Supposing you have data as below
A                             B                             C
1                              127                         AAA
1                              124                         BBB
1                              156                         CCC
2                              09                           DDD
2                              540                         EEE
Now if we specify the sorting keys as A and B  and  if you are only interested in seeing data in a group(specified by column A in this case) suitably sorted then it makes sense to set the sort key mode for key ‘A’  to Set to Don’t Sort (Previously Grouped) to indicate that input records are already grouped by this particular column, but not sorted. This will make the sort stage only sort on column B.
Sort Utility
There are two different types of sorts which you can use in Datastage. They are mentioned below
–          Datastage – This is the default sort used by Datastage and uses the tsort operator. It does not require any other application to work
–          UNIX – As the name indicates this carries out the sort operation using the Unix sort command. For this the psort operator will be used by Datastage.

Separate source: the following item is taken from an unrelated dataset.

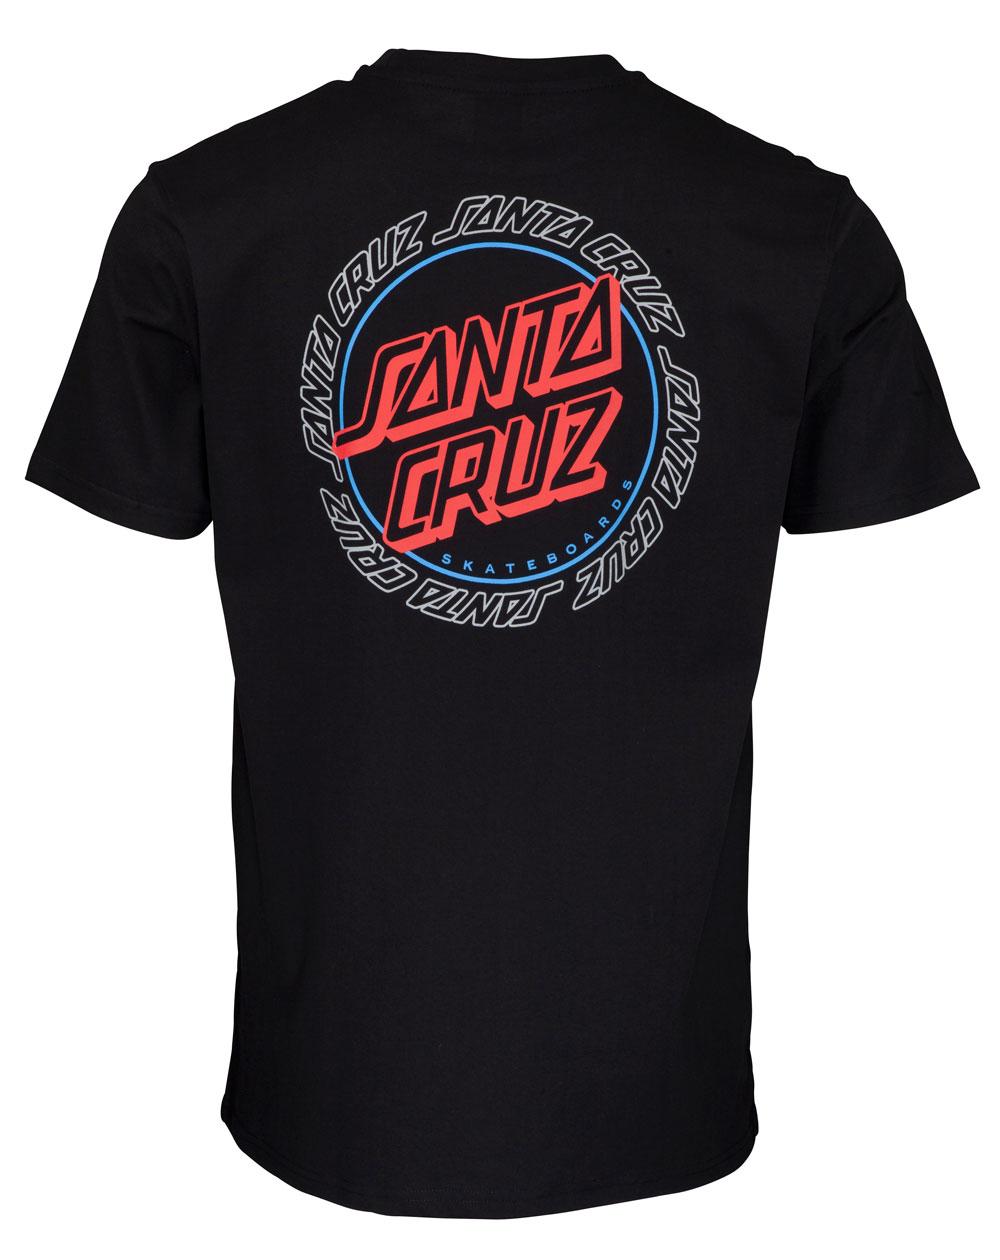 Santa Cruz Men's T-Shirt Hollow Ring Dot Black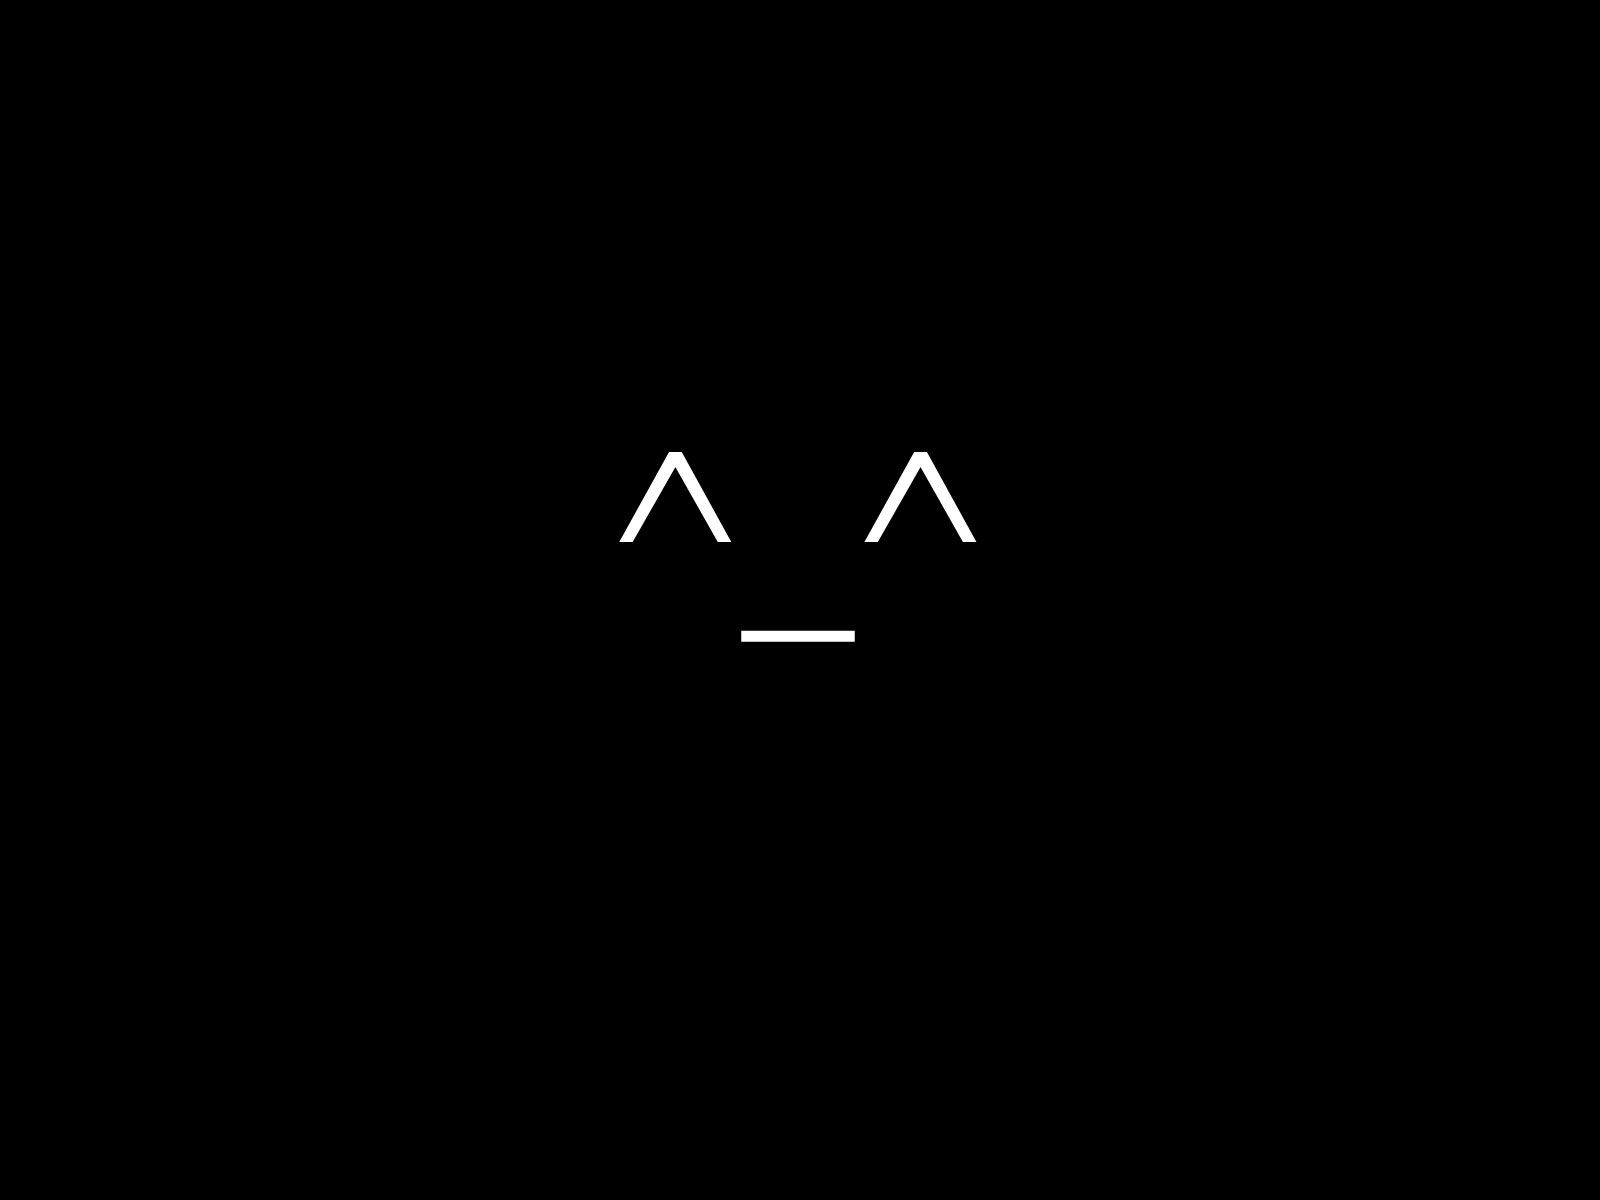 Minimalistic Smiley Face Emoticon 1600x1200 Wallpaper Apple Wallpaper Wallpaper Backgrounds Phone Wallpapers

Cluster Key change column and create key change column
There will be requirements in you design in which you will want to know the first record in a group(specified by the sort keys) from the data in your dataset. This can be easily achieved by set the key change option to true. Even though both of the above options do the same thing they are different in the sense that they will have to be used based on the sort key mode specified. If you have used the sort key mode as Don’t sort for the keys during sorting then you will have to use the ‘Cluster Key Change column’ option. If you have used the default sort key mode then you need only use the ‘create key change column’ option. Setting these options will ensure that an extra column is added to your output records and this column will contain a value of 1 if the particular record in that group (where group is indicated by the change in sort key value) is the first record. All following records in that group will have a value of 0.
eg. If the data shown above was sorted on the key A and the key change option was set then the output data would look like this
A                             B                             C               ClusterKeyChange
1                              127                         AAA          1
1                              124                         BBB          0
1                              156                         CCC          0
2                              09                           DDD         1
2                              540                         EEE         0
Restrict memory usage
By default the value is 20MB. This restricts the sort stage to carry outs its operation to a certain amount of virtual memory on the node on which it is being processed. You can increase this to increase your sort rate. However you should remember that the size should never be more than the amount of actual physical memory that is actually available on the processing node.